Posted by rweil on 21 Feb 2013 at 04:06 GMT

This paper presents interesting results that are in line with other reports in the literature on nutritional quality factors. As a soil scientist and ecologist I wonder about the possible soil-related mechanisms for these results.

This study is essentially an unreplicated comparison between two nearby farms...not between "organic farms' in general and "conventional farms" in general. Therefore it is important to understand the differences and commonalities of the two farms and their soils. Unfortunately only a single soil analysis is given and no information is supplied about how this soil was sampled. Therefore, I wonder if the soil analyzed was from one of the farms or the other – or if it was a mixture meant to represent an average for the two farms.
The content of soil organic matter in particular caught my eye as it is extremely low such as might occur in exposed subsoil on a badly eroded site. Even a poorly managed Latosol would have perhaps 10 times higher OM content than the 2.6 g/kg reported. If the reported value is correct, the serious stresses would be occurring on the “conventional” farm. We are told that the fruits are larger and have a higher water content – but are they also more numerous (i.e. is the yield higher on a fresh or dry weight basis)?

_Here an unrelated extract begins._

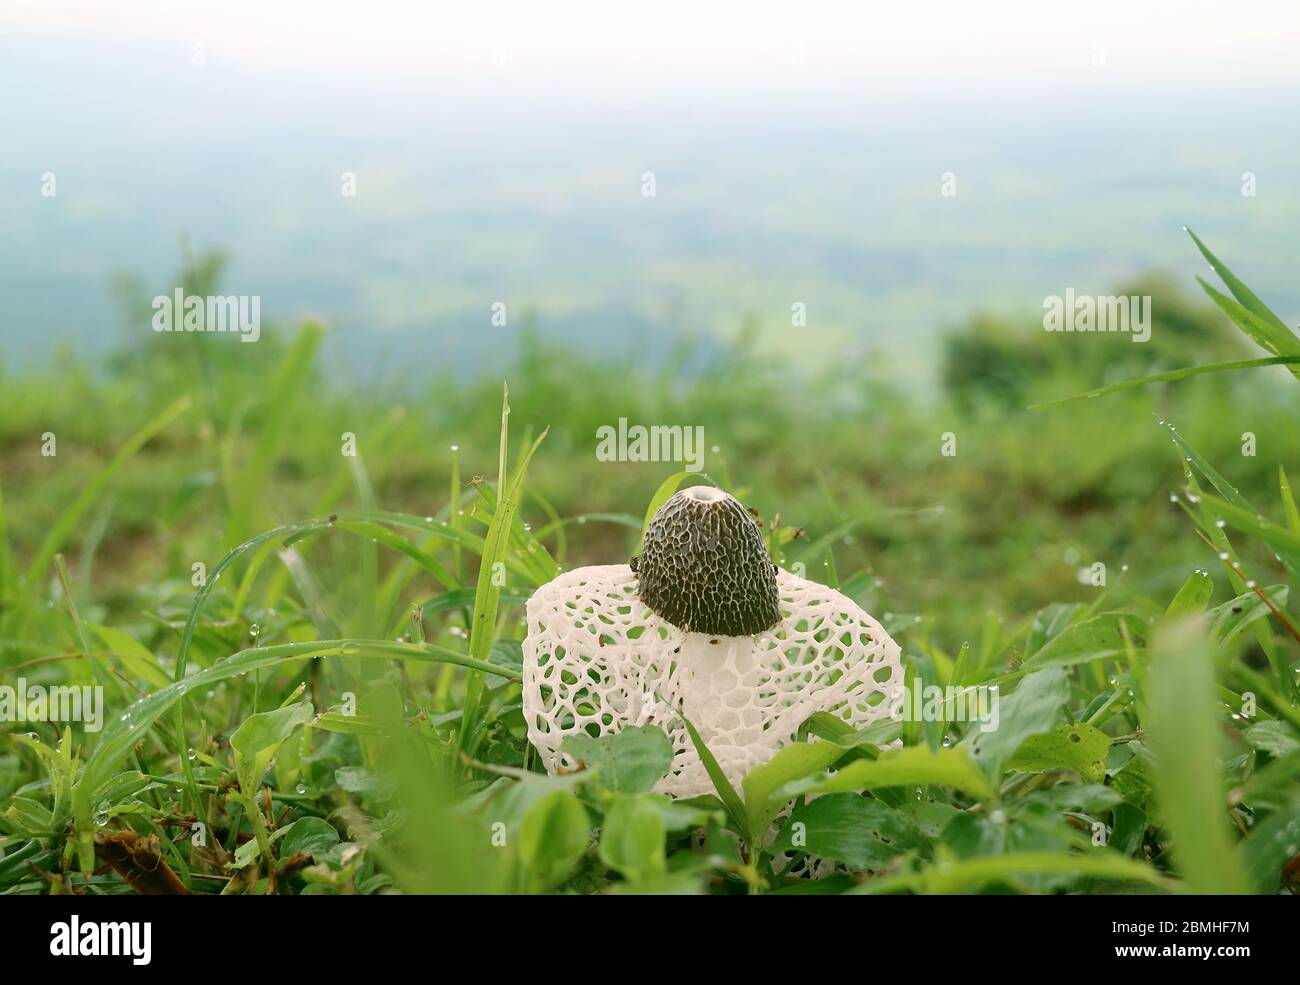 White Long Net Stinkhorn Mushroom or Bamboo Fungus on the Green Grass Field with Morning Dew Stock Photo

Since at least one of the farms applied 10 t/ha manure (nutrient content unspecified) plus an unspecified amount of plant organic material annually, the soil organic matter level (and accompanying CEC and nutrient reserves, as well as microbial biomass) can be expected to be much higher than in the soil of the other farm. The manure and bagasse amendments can be expected to add much more potassium than the meager 80 kg/ha K2O added on the “conventional” farm. Potassium is known to promote the production of sugars and anti-oxidants in plants. The same could be said for copper in the Bordeaux mixture… increased copper supply promote antioxidant synthesis. Specifically copper promotes production of (copper-bound) superoxide dismutase. Tomato production with only 80 kg/ha K2O supplied can be expected be K limited. The soil analysis (0.2 cmolc as K/dm) does not seems to reflect a history of producing tomato (or sugar cane) with 80 kg/ha K2O annual application. One has to wonder also about the extremely high 400 kg/ha annual P2O5 application resulting in only a medium level of P.
A final note on soil fertility aspects: the application of 10 mt/ha of manure plus a “legume cocktail” green manure crop could be expected to deliver at least as much nitrogen tot eh crop as the rather modest application of 100 kg /ha of N as soluble fertilizer, so the equal amounts of chlorophyll in the leaves is not surprising.

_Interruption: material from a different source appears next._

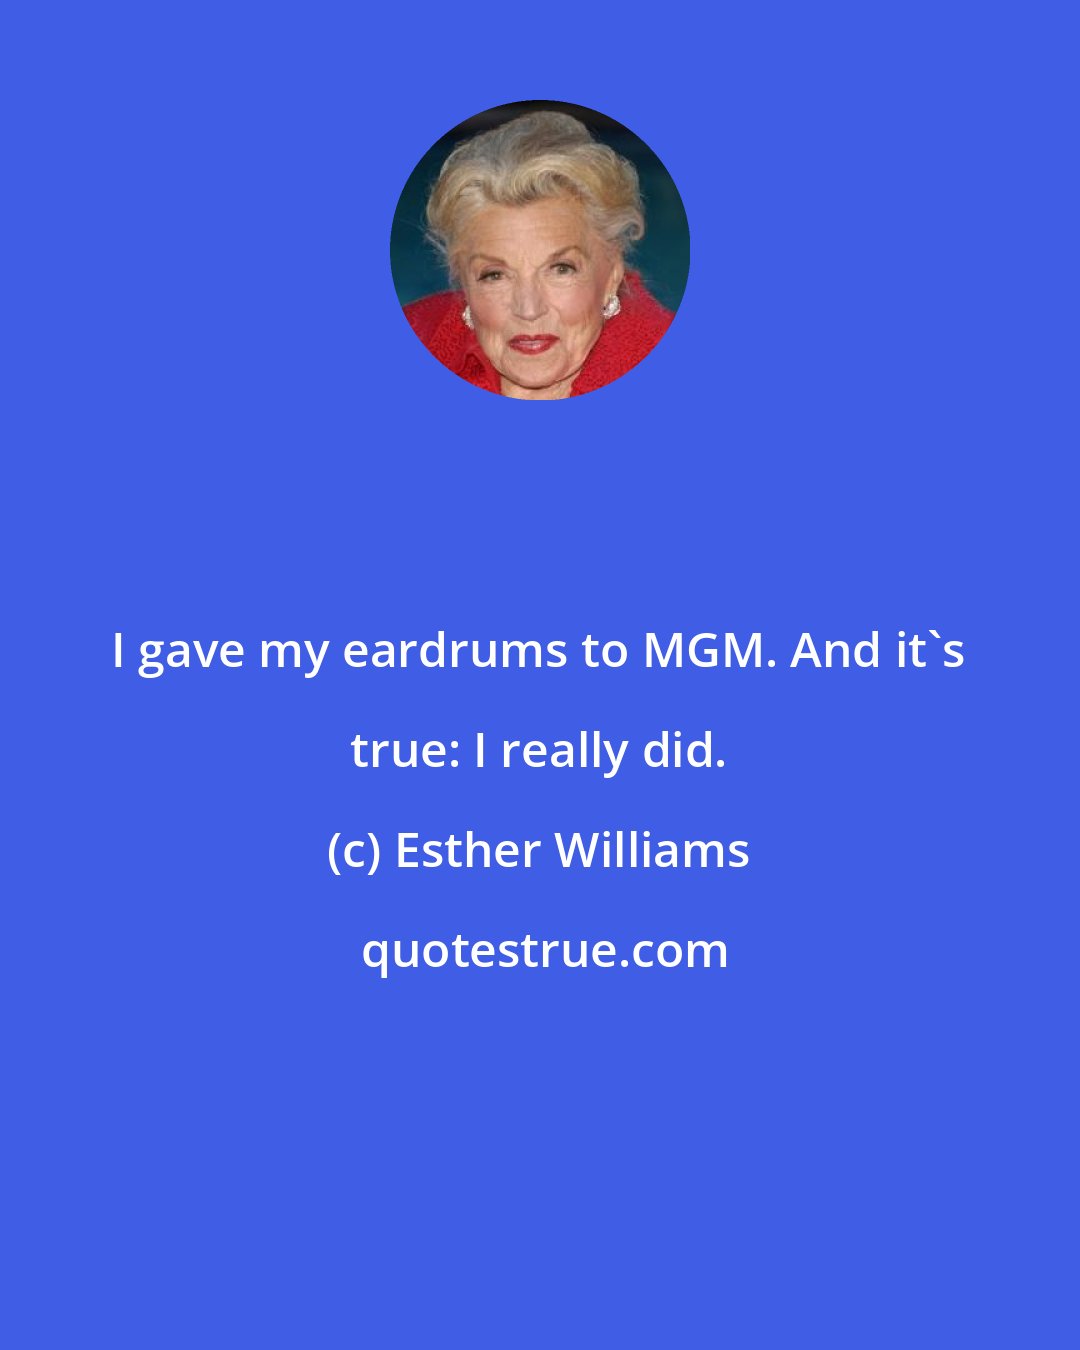 Esther Williams: I gave my eardrums to MGM. And it's true: I really did.

I encourage future research to pay closer attention to the soils involved and examine some of the specific soil differences mentioned instead of attempting to be over-broad in characterizing the general management system as meeting “organic” requirements or not.

No competing interests declared.

RE: comparing "organic" to "conventional"

aoverbay replied to rweil on 24 Feb 2013 at 13:39 GMT

Very insightful. I found the most concerning aspect of this research was the media's drive to generalize results from a study that has not merit at least in that aspect. Soil amendments are very important. The comment I reply to is well written and spot on.

No competing interests declared.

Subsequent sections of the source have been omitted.